The interview process consisted of five structured rounds, each designed to evaluate a different dimension of my skills and fit:
1. Hiring Manager Round:
This was a conversational discussion focused on my current role, project scope, and day-to-day responsibilities. The interviewer explored my experience with the data stack and how I contribute to the broader business context.
2. Technical Assignment (SQL + PySpark):
I was given a take-home assignment involving real-world SQL and PySpark problems. The focus was on writing clean, optimized code for data transformation and aggregation tasks, while also handling edge cases effectively.
3. Technical Deep-Dive (Live Interview):
This was a detailed technical round covering my resume projects and knowledge areas like Virtual Networks (VNet), CI/CD practices, Git workflows, ML model deployment basics, and other cloud engineering topics. The interviewer assessed both depth and breadth.

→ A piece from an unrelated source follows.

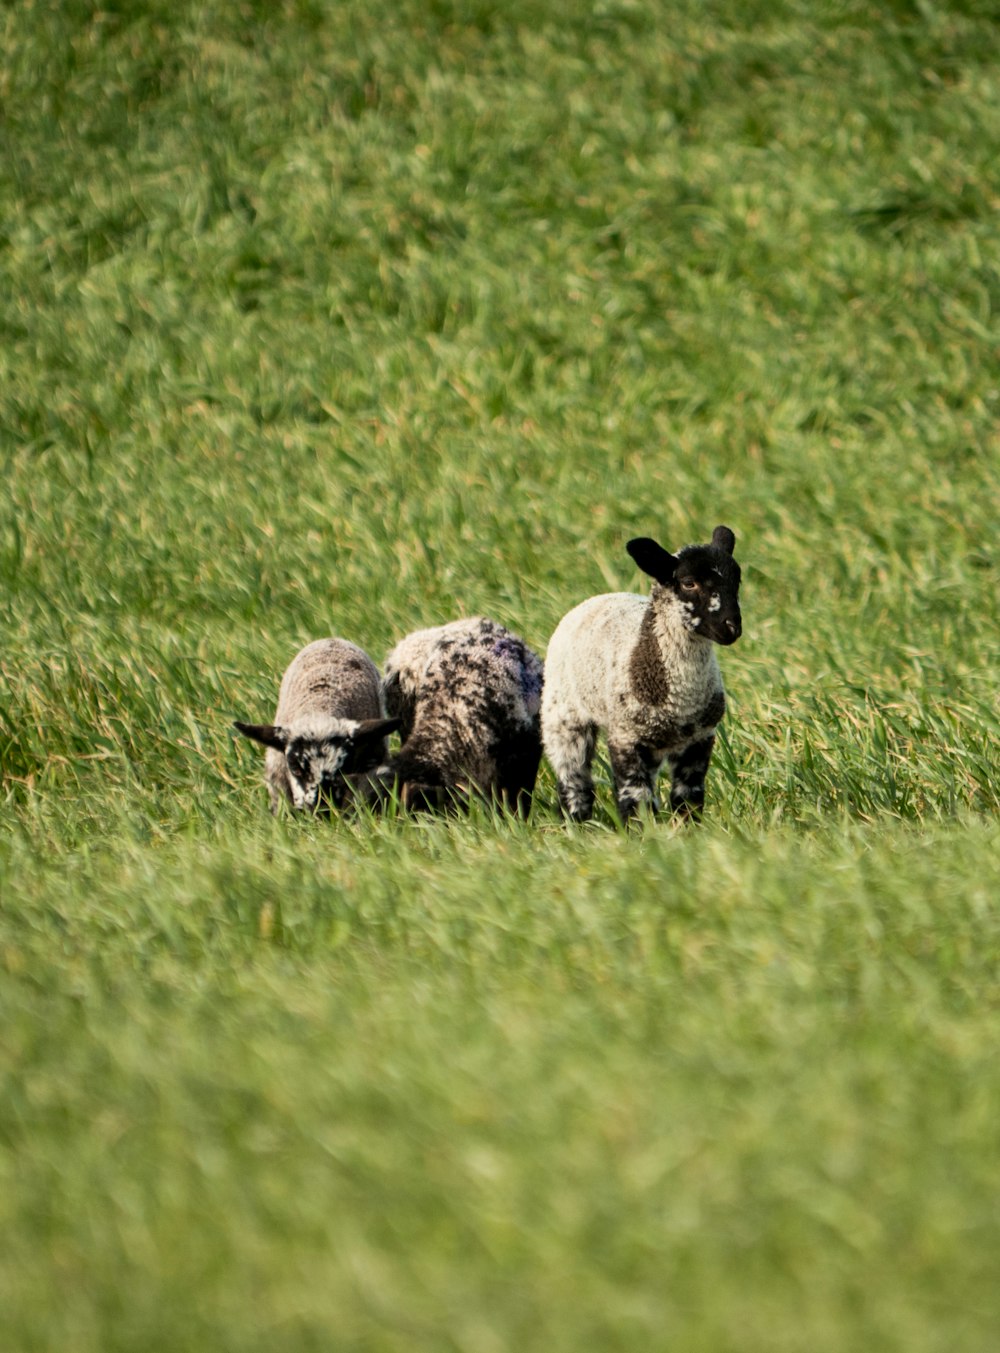 white sheep and gray sheep on green grass field during daytime

4. Project Presentation Round:
I was asked to present one of my past projects end-to-end. This included discussing the architecture, tools used (ADF, ADLS, Databricks, Snowflake), problems encountered, solutions implemented, key learnings, and my personal technology preferences. The panel evaluated my ability to communicate technical decisions clearly.
5. Executive Fit/Client Communication Round:
The final round focused on stakeholder management and soft skills. I was asked behavioral questions about handling difficult client asks, ambiguity, ownership, and real-life client conversations. The emphasis was on how I communicate complex data topics to non-technical stakeholders and collaborate under pressure.